Никто, понятное дело, не мог знать, как там у них налажено – то ли посидят сначала за стаканчиком самогонки и душевной беседой, то ли сразу в постель. А впрочем, уже минут через пять лампу прикрутили до самого малого огонька – значит, пренебрегли душевными беседами…
Вот тут его и следовало брать – пока он не на шутку занят. Одного из ребят, что лучше всех стрелял из винтовки, я отправил в тайгу, чтобы сидел там в засаде на случай появления новых лиц. Троих рассредоточил вокруг дома. А сам с двумя направился в дом – по стеночке, осторожненько, пригибаясь ниже окон. Полнолуние стояло, хоть иголки собирай…
Входная дверь открылась совершенно бесшумно – ну конечно, Катька петли хорошо смазывала… Гриша у нее бывал и подробно нам описал расположение комнат. Крались мы в сенях, как привидения или индейские охотники Фенимора Купера – шажочками, на цыпочках, присматриваясь в полумраке, чтобы не налететь на что-нибудь, не уронить, не опрокинуть… Настроение описать невозможно: каждая жилочка, каждый нерв позванивали, как гитарные струны. Мало ли как могло обернуться. Вылети из двери граната, нас троих на тесном пространстве осколками посекло бы в капусту.

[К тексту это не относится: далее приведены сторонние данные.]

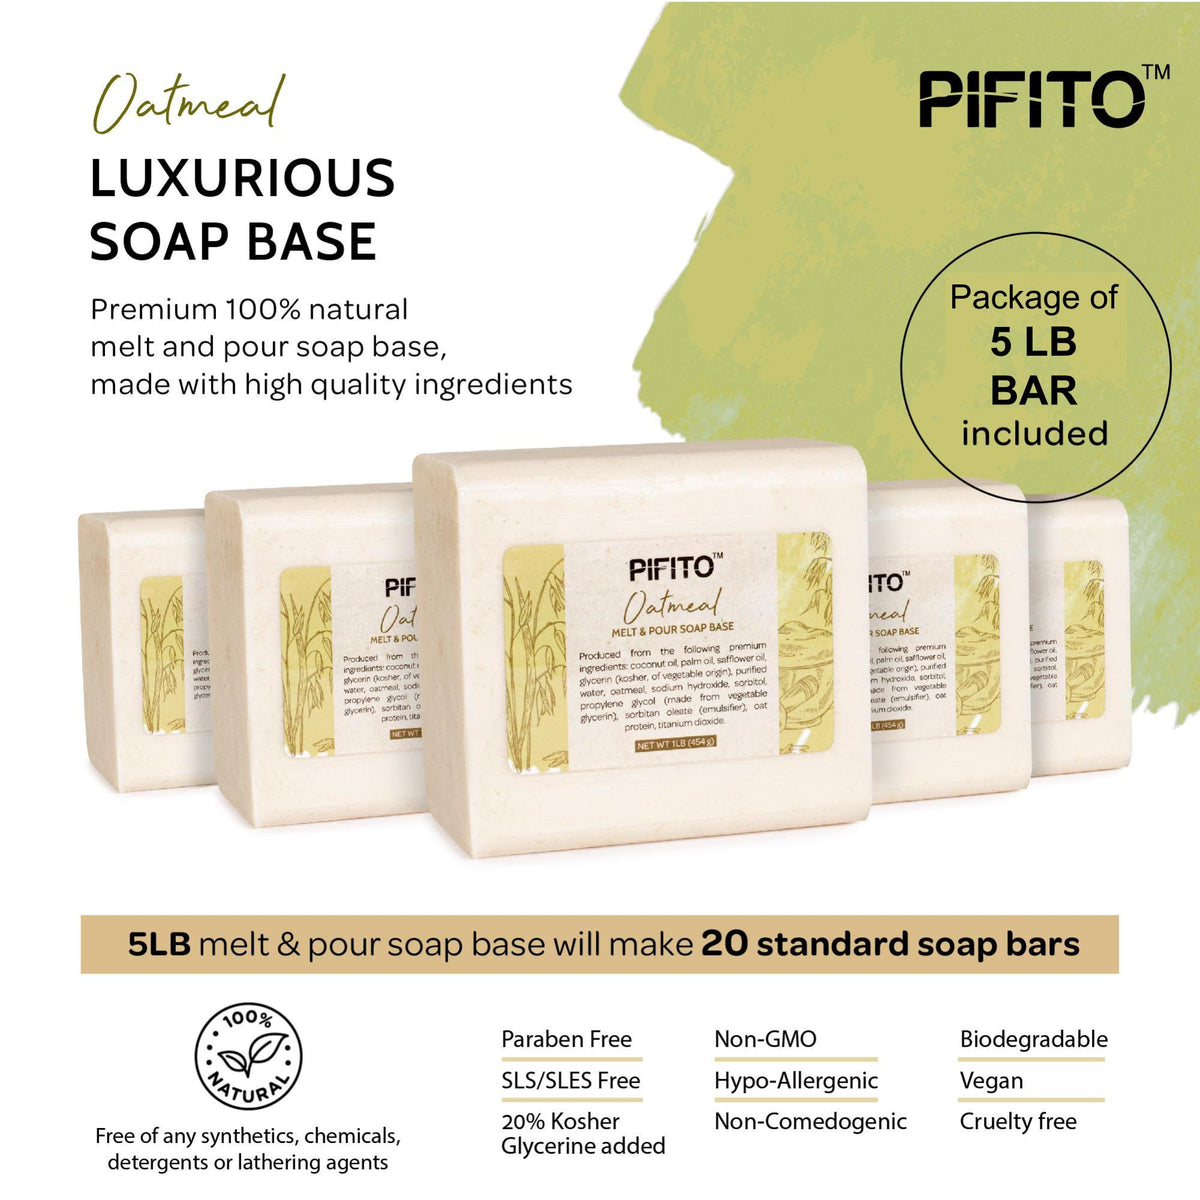 Pifito Soap Making Oils Mix No. 2 │ 60 Oz Quick Mix Blend of Pre-Measu

Но потом, когда подкрались к двери в горницу и услышали звуки, стало ясно, что никто на нас засаду не устроил. Они там… занимались вовсю. Бармин еще был наверняка по этой части крепок – Катька так стонала и охала, что, честно говоря, по молодости лет завидки брали…
И мы вломились: здравствуйте вам. Молча, без всяких дурацких криков: «Руки вверх! Чека!» И так все всем было ясно. С ходу осветили их фонариками: хорошие были фонарики, электрические, японские, в свое время достались со складов, когда гнали белых…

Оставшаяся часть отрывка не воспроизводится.